Stiffness parameter β is the slope of the exponential function between the relative arterial pressure and the distention ratio of artery, and it is given as23:

Stiffness parameter β = ln(SBP/DBP)/[(Dmax − Dmin)/Dmin].

(SBP: systolic blood pressure, DBP: diastolic blood pressure).

In this study, ascending aortic pressures (SBP and DBP) during ultrasonography were substituted for pressures at stent-graft site.

Local PWV

PWV is a representative parameter of arterial stiffness. Local wave speed was calculated by using the Bramwell–Hill’s equation9,24, which is as follows:

$${\text{PWV }} = \, \sqrt {\left( {{\text{Ad}}*{\text{PP}}/\rho *\Delta {\text{A}}} \right)}$$

Ad: cross-sectional area at diastole, ΔA: the difference in cross-sectional area between systole and diastole, PP: local pulse pressure, ρ: blood density (1060 kg/m3).

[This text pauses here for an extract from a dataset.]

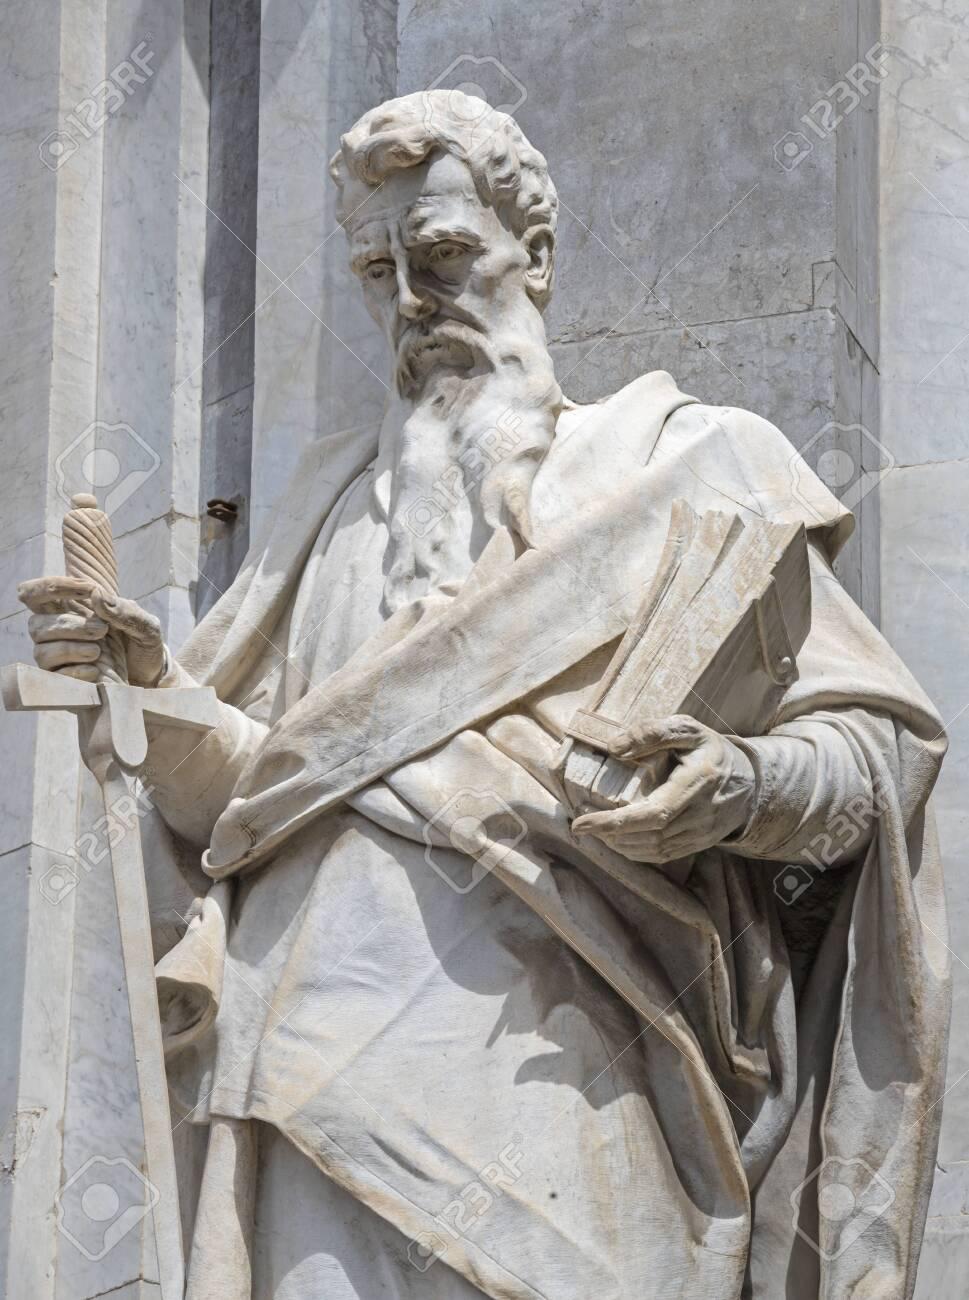 CATANIA, ITALY - APRIL 8, 2018: The statue of St. Paul the Apostle in front of Basilica di Sant'Agata. - 150187706

In this study, ascending aortic pulse pressures during ultrasonography were substituted for pressures at the stent-graft site.

Statistical analysis

Statistical analyses were performed using SPSS version 26 (IBM, New York, USA). All continuous variables are expressed as means ± standard error (SE). The comparison of parameters between baseline and after EVAR was assessed using the Wilcoxon signed-rank test. The relationship between the negative wave intensity and the other parameters was evaluated using Pearson’s rank correlation test. A P value of < 0.05 was considered statistically significant.